Nurul Shahidah Ahmad,^a Norhafizah Abdullah,^a,* and Faizah Md Yasin ^a,b

Keywords: Titanium dioxide; Trypan blue exclusion assay; Candida albicans; Antifungal activity; Growth rate

Contact information: a: Department of Chemical and Environmental Engineering, Faculty of Engineering, Universiti Putra Malaysia, Serdang, 43400, Seri Kembangan, Selangor, Malaysia; b: Institute of Advanced Technology, Universiti Putra Malaysia, Serdang, 43400, Seri Kembangan, Selangor, Malaysia;

* Corresponding author: nhafizah@upm.edu.my

INTRODUCTION

In recent years there has been a rapid development and application of nanotechnology in a wide range of fields such as biosciences, information of technology, computers, and medicine. With the rapid emergence of nanomaterial incorporated in consumer products, as well as its uncontrolled release into the environment, it is essential to identify the factors associated with its toxicity. Despite their distinctive application and advantages in the industrial and domestic sectors, the use of materials with nanometer dimensions has raised issues of safety for both consumers and the environment. Investigation on the exposure effect of discrete nanoparticles (NPs), one of the many forms of nanomaterials, and their toxicity is very important as their small size causes more inflammation than bulk counterparts when delivered at the same mass dose (Zhang et al. 2007; Nair et al. 2009; Liu et al. 2011; Raghupathi et al. 2011). Because of their small size and their unique characteristics, NPs have the ability to harm humans (Chang et al. 2011; Akhavan et al. 2012, 2013), microorganisms (Stoimenov et al. 2002; Baek and An 2011; Azam et al. 2012), and other wildlife (Wang et al. 2009; Akhavan et al. 2015; Chen et al. 2016) by interacting through various mechanisms (Liu et al. 2011; Xiong et al. 2011).
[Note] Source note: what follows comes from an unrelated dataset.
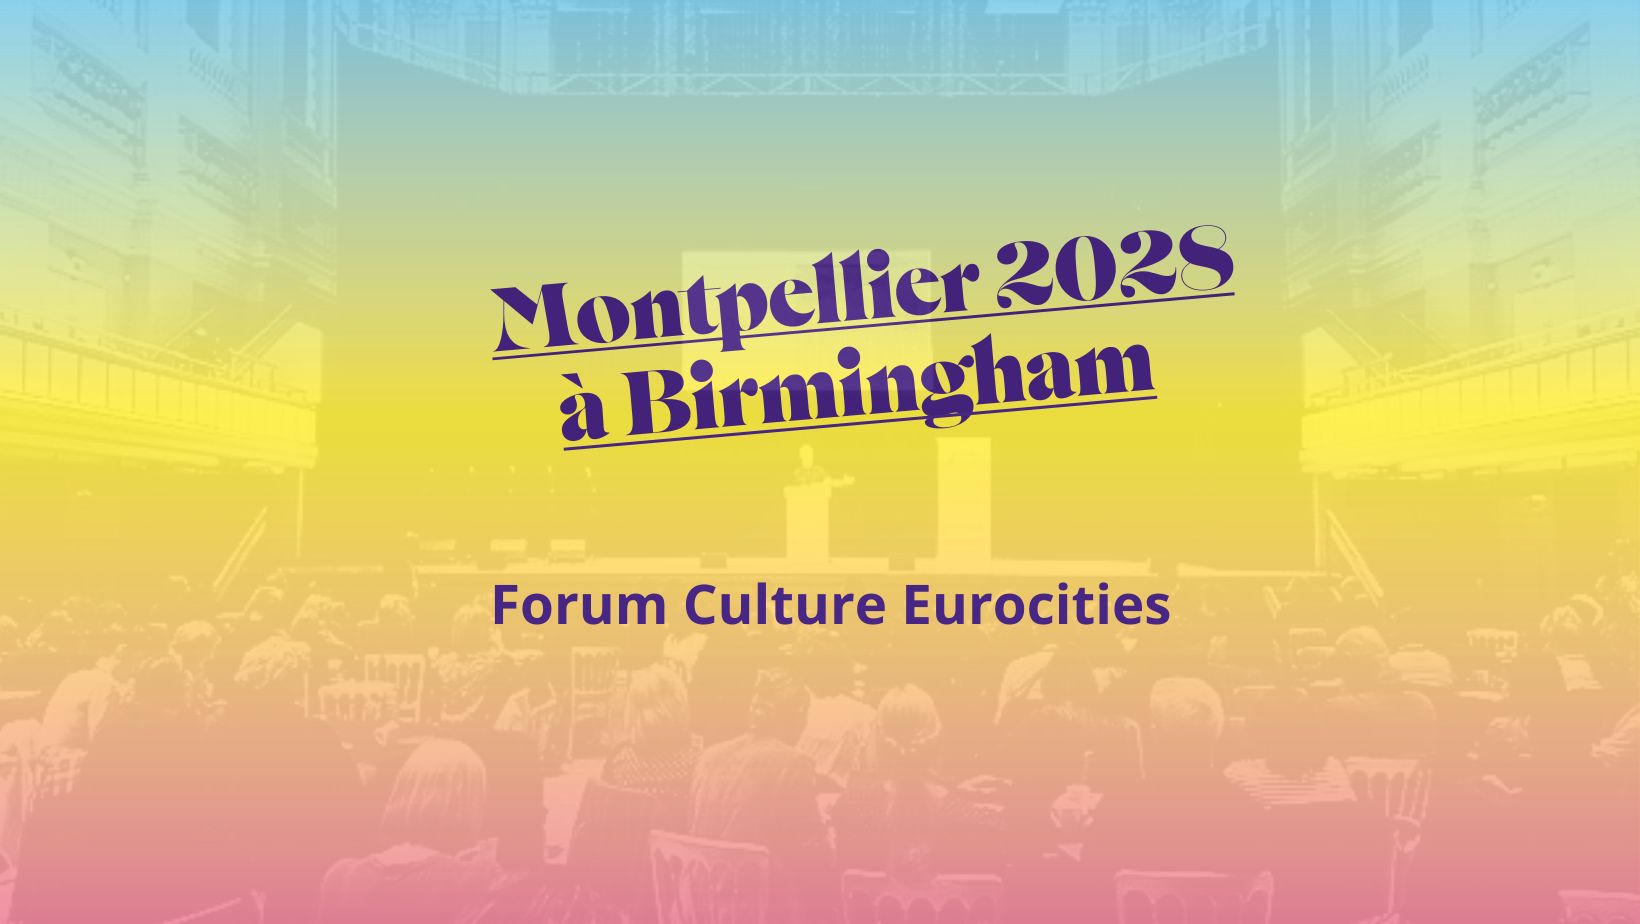 Montpellier 2028 au Forum Culture Eurocities à Birmingham !
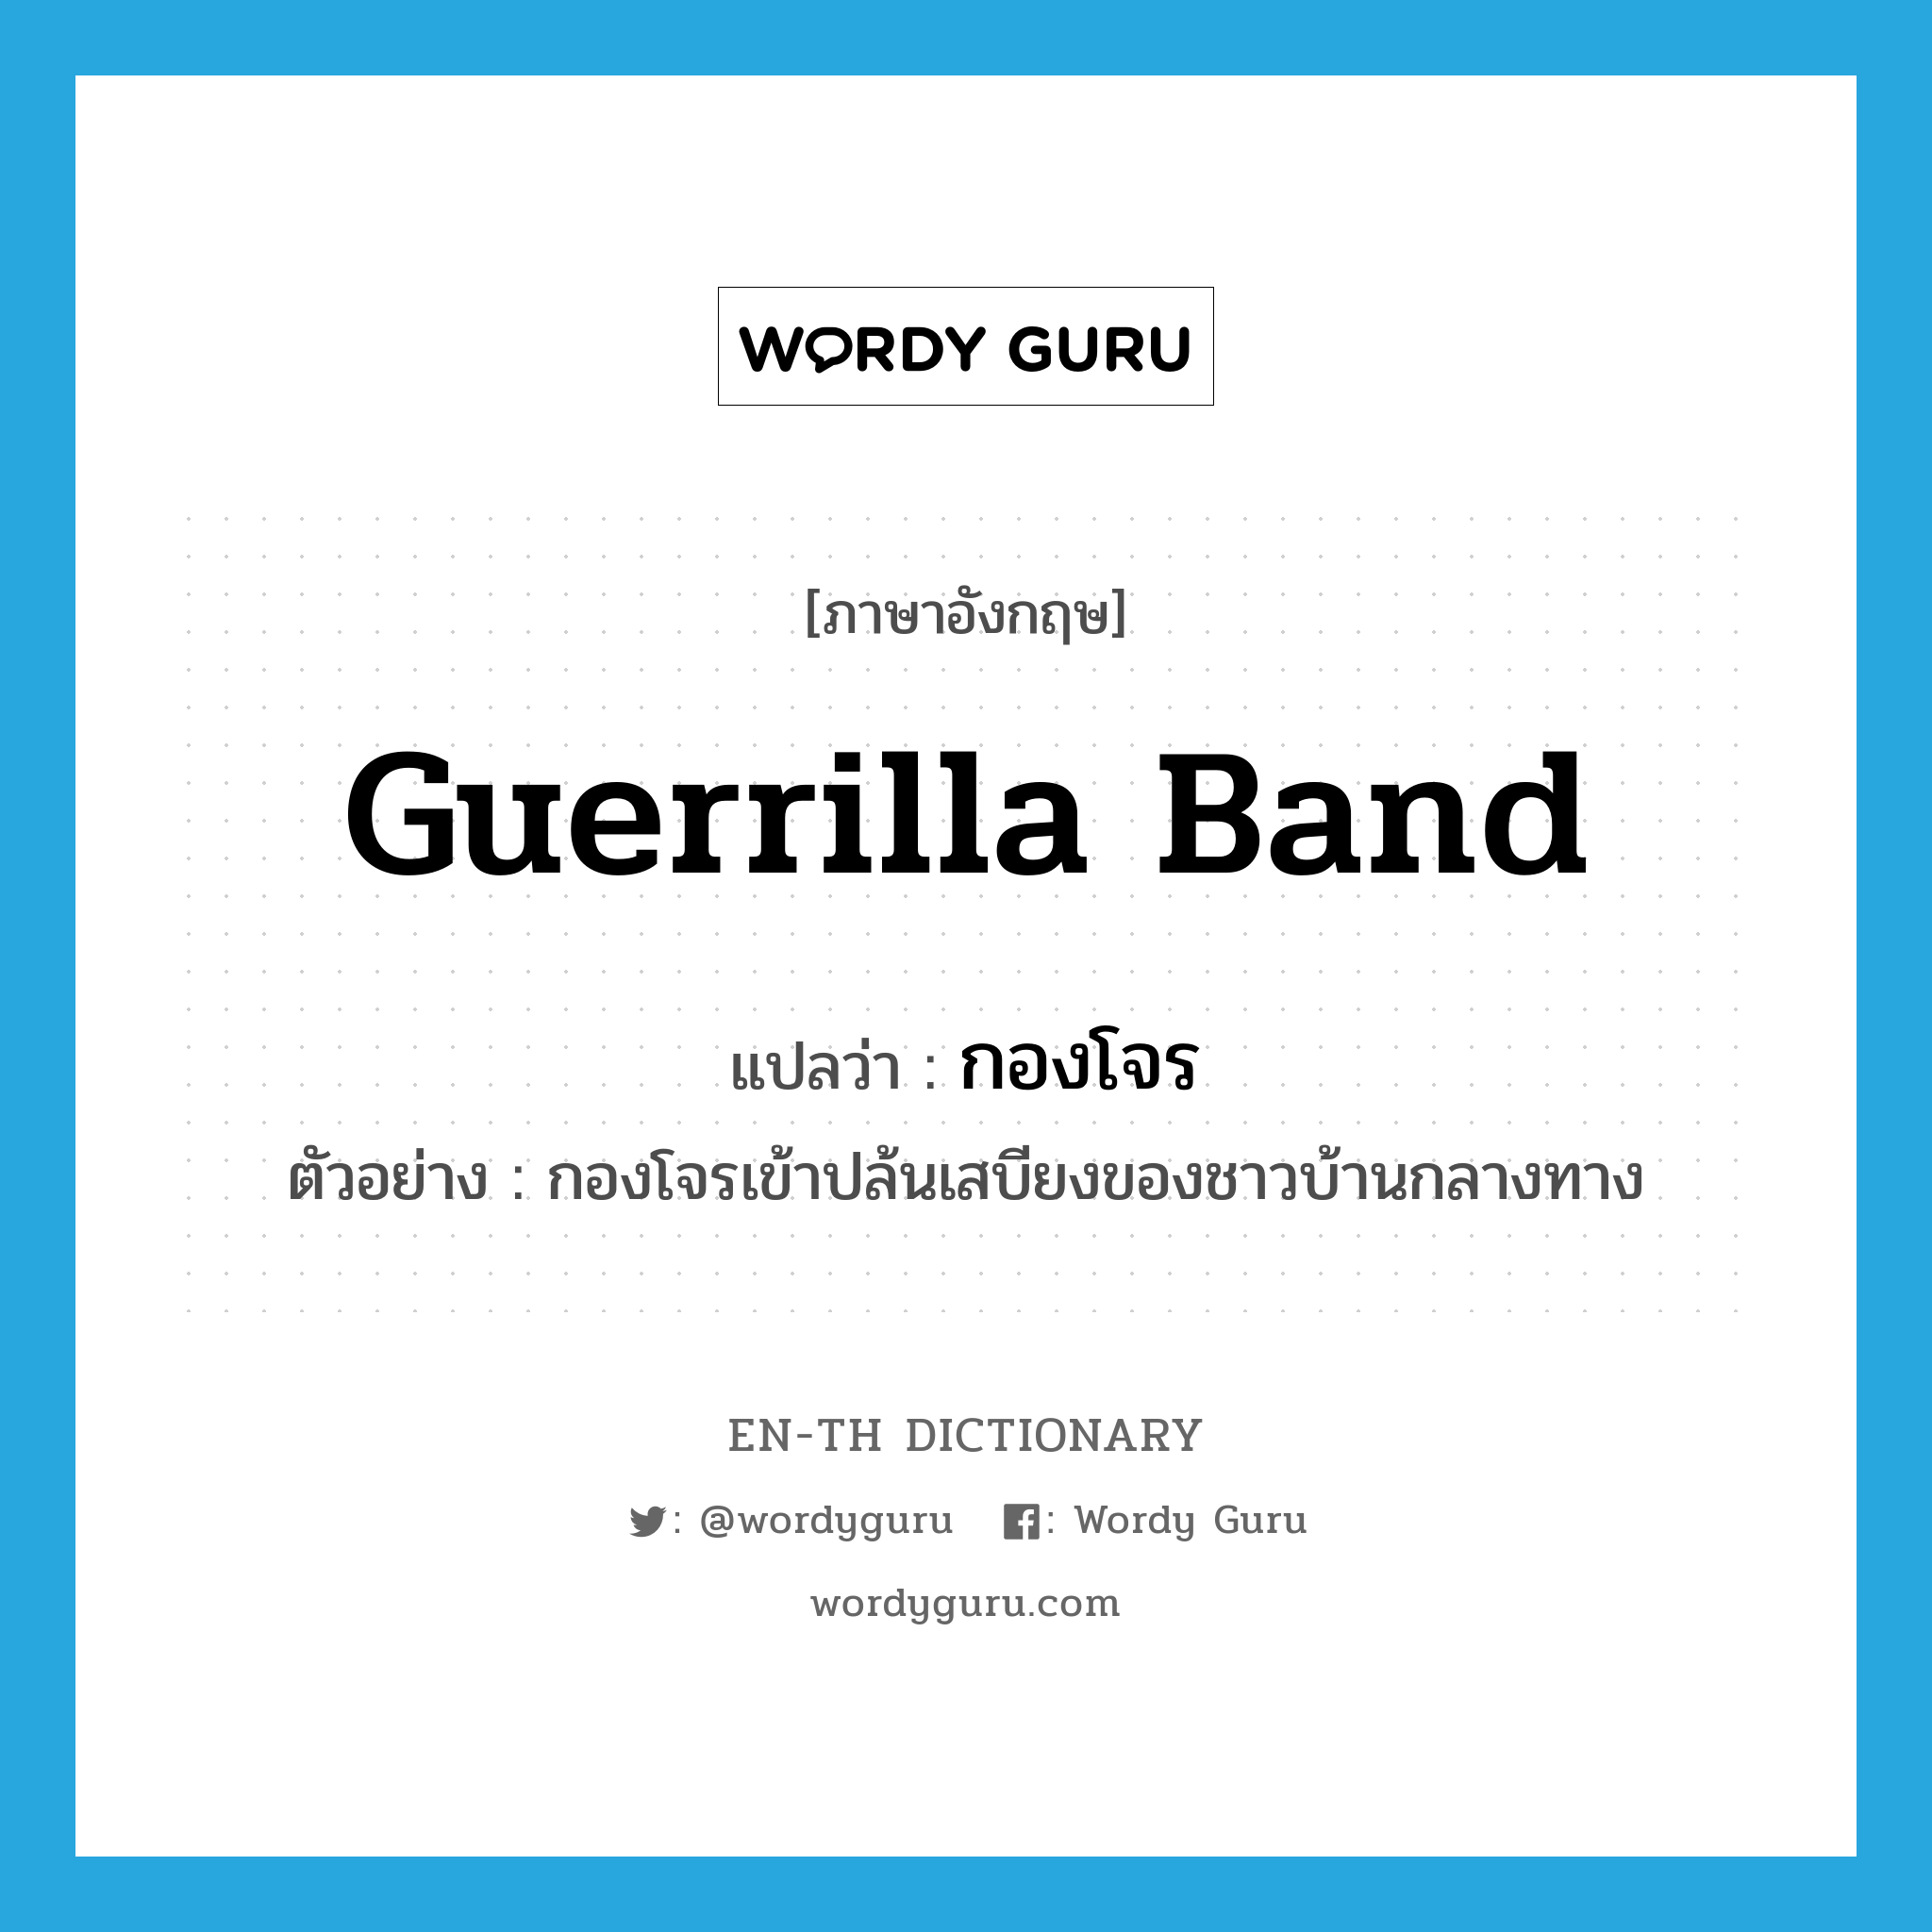 guerrilla band แปลว่า?, คำศัพท์ภาษาอังกฤษ guerrilla band แปลว่า กองโจร ประเภท N ตัวอย่าง กองโจรเข้าปล้นเสบียงของชาวบ้านกลางทาง หมวด N

Titanium dioxide (TiO₂) is among the most widely used material with its broad range of function, for both industry and consumer applications. There are three forms of TiO₂ crystal structures, which are anatase, rutile, and brookite. The first two forms play an important role in industrial applications, while the brookite form has no commercial value and is not being industrially produced (Diebold 2003). Each form has different chemical activities and properties, and hence different industrial uses. The rutile form is less reactive, has a greater ability to absorb ultraviolet (UV) radiation, and is thus suitable in the paints and cosmetic industries (Nowack and Bucheli 2007), while the anatase form is able to produce significant reactive oxygen species (ROS) levels under UV irradiation and hence is suitable for the water treatment industry (Ju-Nam and Lead 2008). TiO₂ NPs are organized either in fine (>100 nm) or ultrafine (<100 nm) sizes (Ma et al. 2010).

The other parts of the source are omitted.